# Don't Ever Buy Power King Towmax Str Tires! Ever!



## KEN5150

I'm spreading the word about the sub standard quality of Power King Towmax aka Blowmax tires: here are the facts: driving 60 mph on interstate road, not overloaded, pressure at 65 psi as per manufacturer, under 3k miles on these tires had one separate and destroy my outback 300RB and did over $9,000 worth of damage to it. Dynmaic tire the company that makes Power king tires denied ANY responsibility and in fact pretty much called me a liar and said it was my fault that there were underinflated which is patently false!
I encourage EVERYONE that has had any problem with their blowmax tires to file a complaint against Power king on the DOT website: http://www.safercar.gov/Vehicle+Owners This company should NOT be able to sell anymore of their tires!


----------



## Tiger02

Sorry to hear of your tire issue. If you have the space to accommodate a 16" tire then that is the way to go using LT tires rated for the weight. Chines tires are not worth the gamble in my opinion. Good luck with repairs and finding new tires. If you stay with ST tires then Maxxis may be your best bet.


----------



## KEN5150

Tiger02 said:


> Sorry to hear of your tire issue. If you have the space to accommodate a 16" tire then that is the way to go using LT tires rated for the weight. Chines tires are not worth the gamble in my opinion. Good luck with repairs and finding new tires. If you stay with ST tires then Maxxis may be your best bet.
> 
> Yeah tiger, I went with a set of Maxis 8008. If you look at the reviews on the DOT website maxxis (cheng shin) only had two complaints versus power King towMax had over 57 complaints. Towmax is complete junk.


----------



## Justman

Tires are one of those things you want to go with the upper end on. I have never had good luck with tires, but the Maxxis I had didn't give me any trouble.


----------



## rkimzey

I'm also sorry to hear of your tire issue. I had a similar problem last August when coming back from a fairly long camping trial out west. Coming out of Atlanta - heading east, we found out about the Towmax problems as well. I think we were luckier than you but still found out what a blowout will do to the underside of the camper. We limped on home and then went with a larger "F" rated tire made by Carlisle (ST235/85/R16). However, what I found out is that I think they're all made in China these days. I think the Maxxis tires are made there as well. The only one - for RV's - I could find made in the U.S. was a Goodyear tire (G rated) but in order to get it I had to change rims as well. Oh yeah, it appeared as though I'd probably have to take out a loan for them as well. So...............I went with the Carlisle's. Good luck to you in the future.


----------



## outbackgeorgia

I have had excellent service from the Maxxis 8008 radial tires.
Dave


----------



## BradG47FL

outbackgeorgia said:


> I have had excellent service from the Maxxis 8008 radial tires.
> Dave


We had a 2007 EnduraMax 39' 5er Toy Hauler that was a triple axle affair which was super heavy and it was really hard on tires. I had the right rear tire blow twice in about 2 years costing thousands of dollars each time. I was really worried about putting yet another set of ST tires on it and having to constantly be looking in the rear view mirror for the smoke and flying parts that happen when a tire lets loose.

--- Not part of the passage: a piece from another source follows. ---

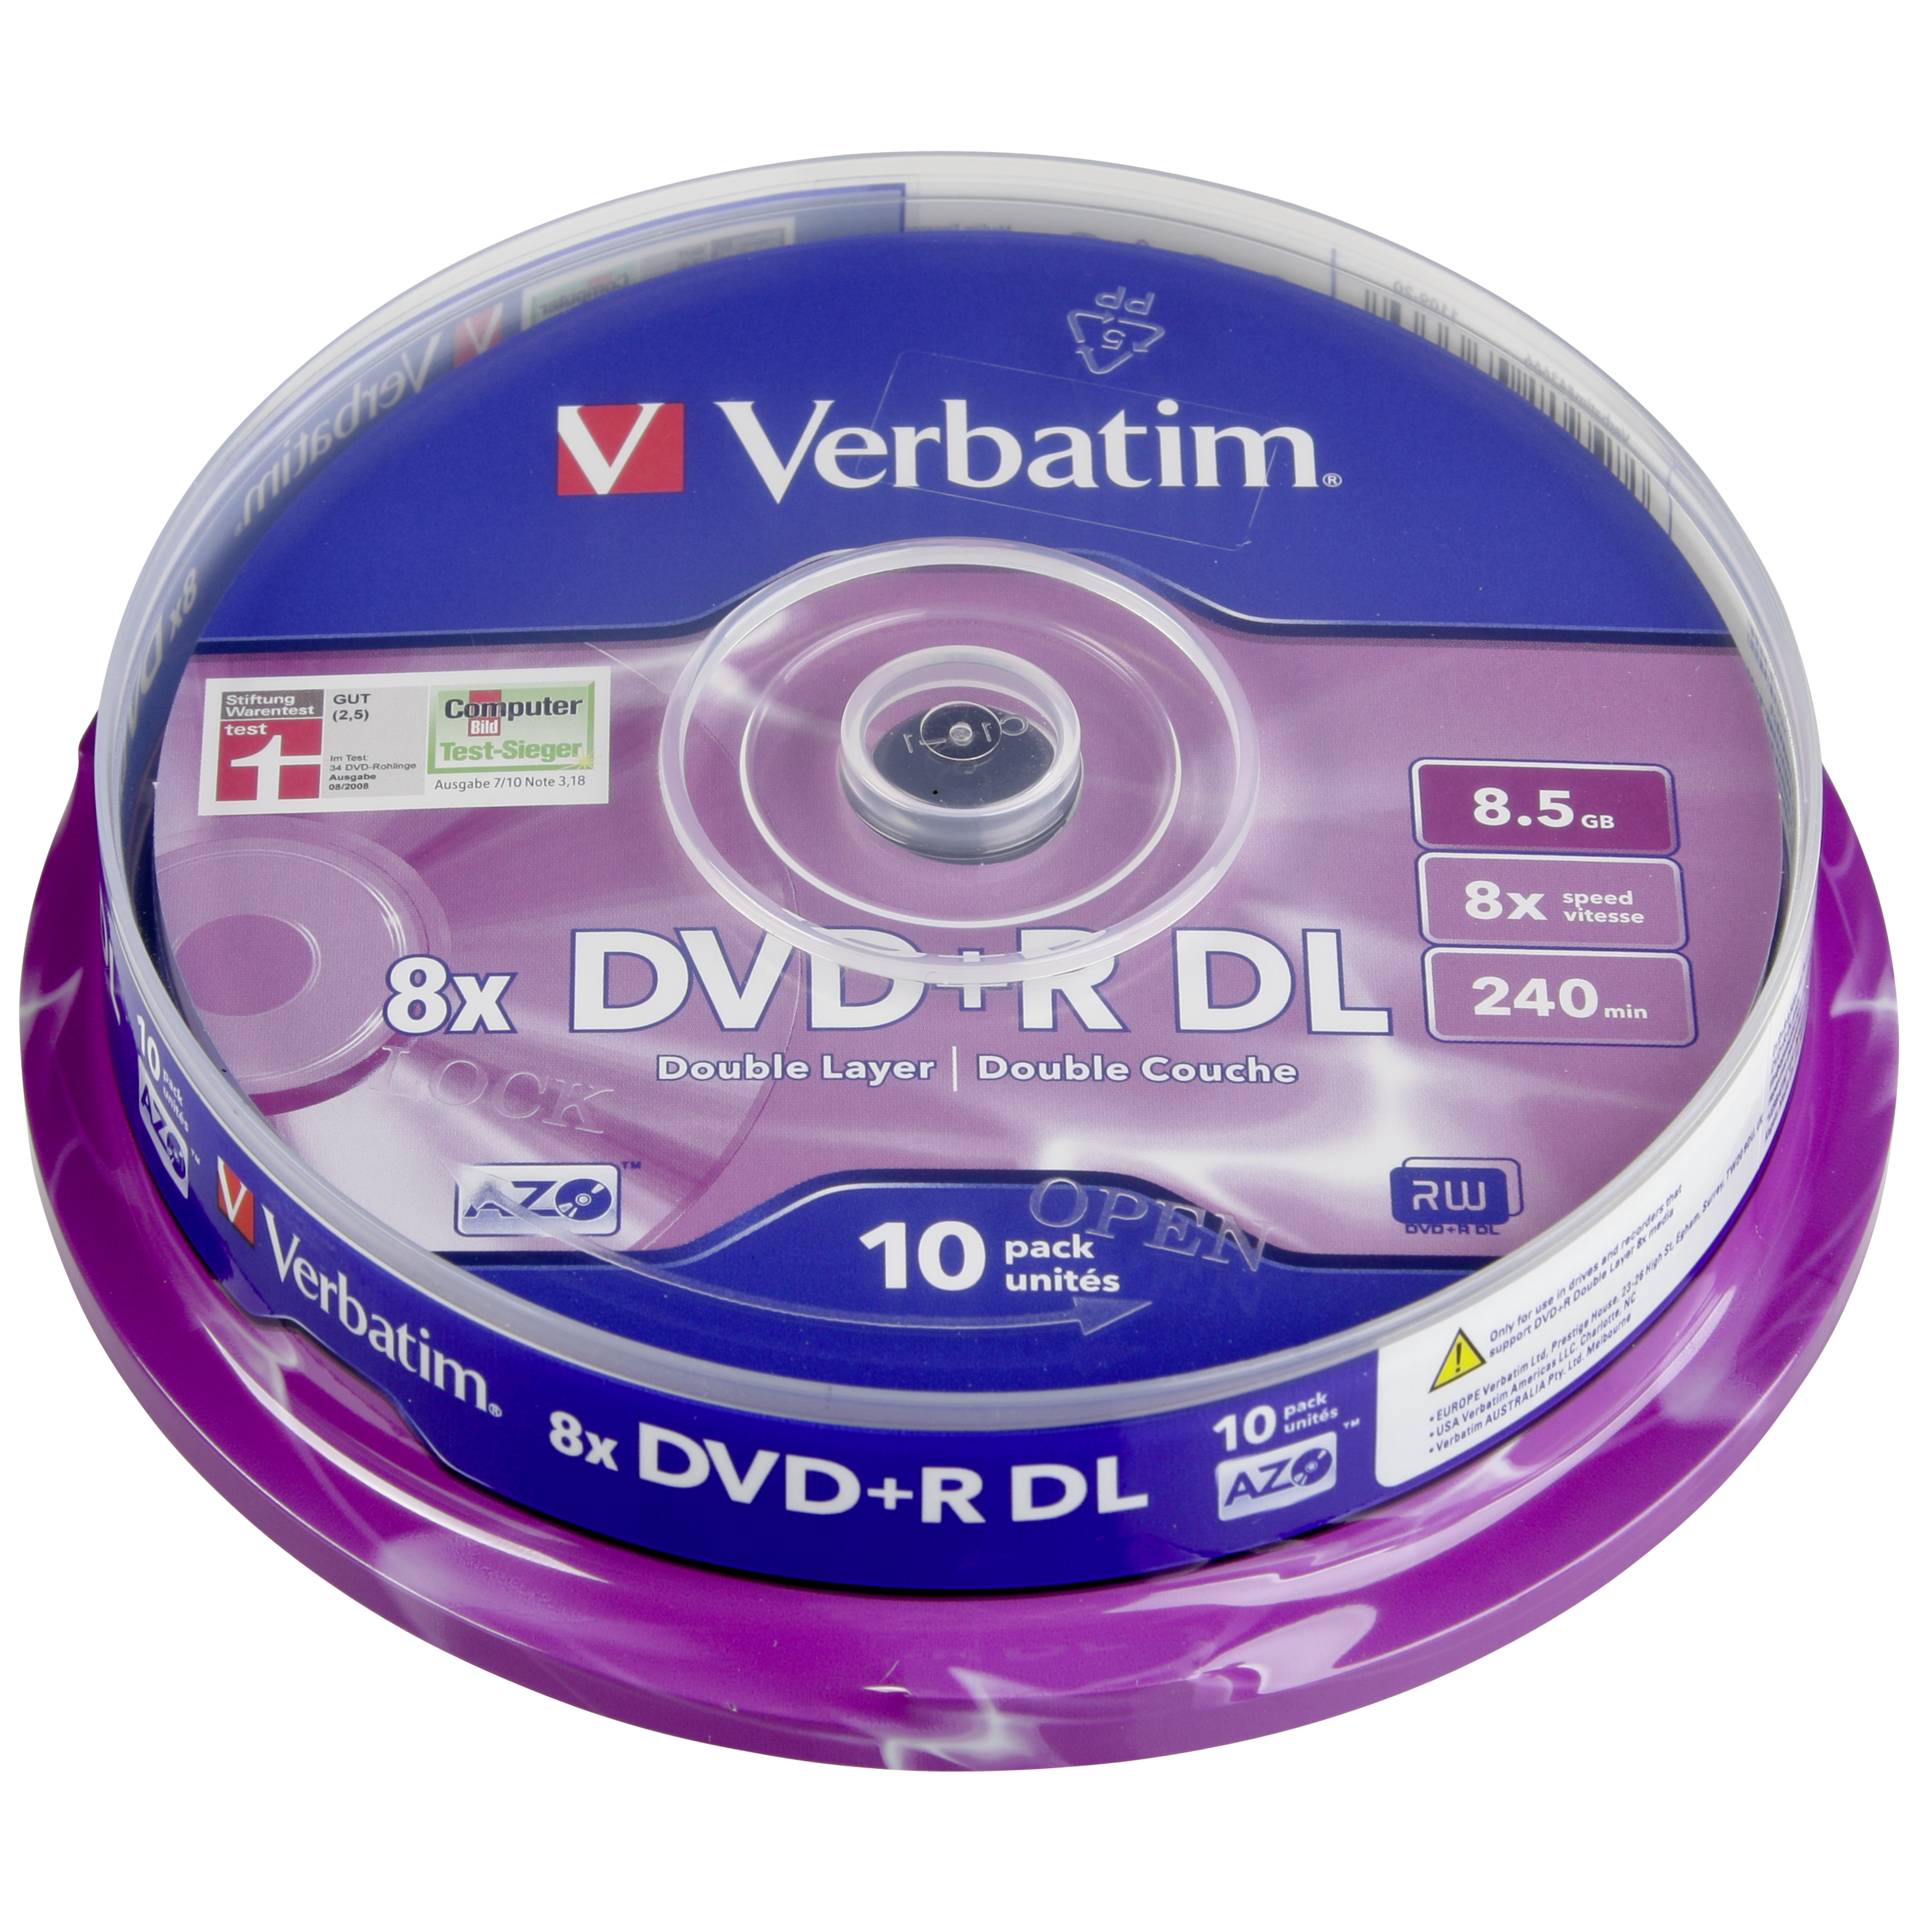 1x10 Verbatim DVD+R Double Layer 8x Speed, 8,5GB opaco argen

We had OK luck with a set of Maxxis M8008 back in like 2010 but a friend of mine that sells tires says the Maxxis tires are starting to fail too so he won't install them, apparently there were production changes. He convinced me to spend the extra money on LT truck tires and I highly recommend you put LT truck tires on your rig. Find a set that is the exact same size or really close. Any reputable tire shop can figure out that will work. I went with BF Goodrich TransForce HT tire back in 2012 and we put 3+ years and many thousands of miles on them and they still look great with very little wear. It may be hard to believe there is that much difference but likely others will agree if they have done the same.

We just traded that 07 5er for a 2016 Outback 324CG so it still has the stock tires which I assume are typical junk ST tires so I'll be looking to put LT truck tires on the new rig for peace of mind.


----------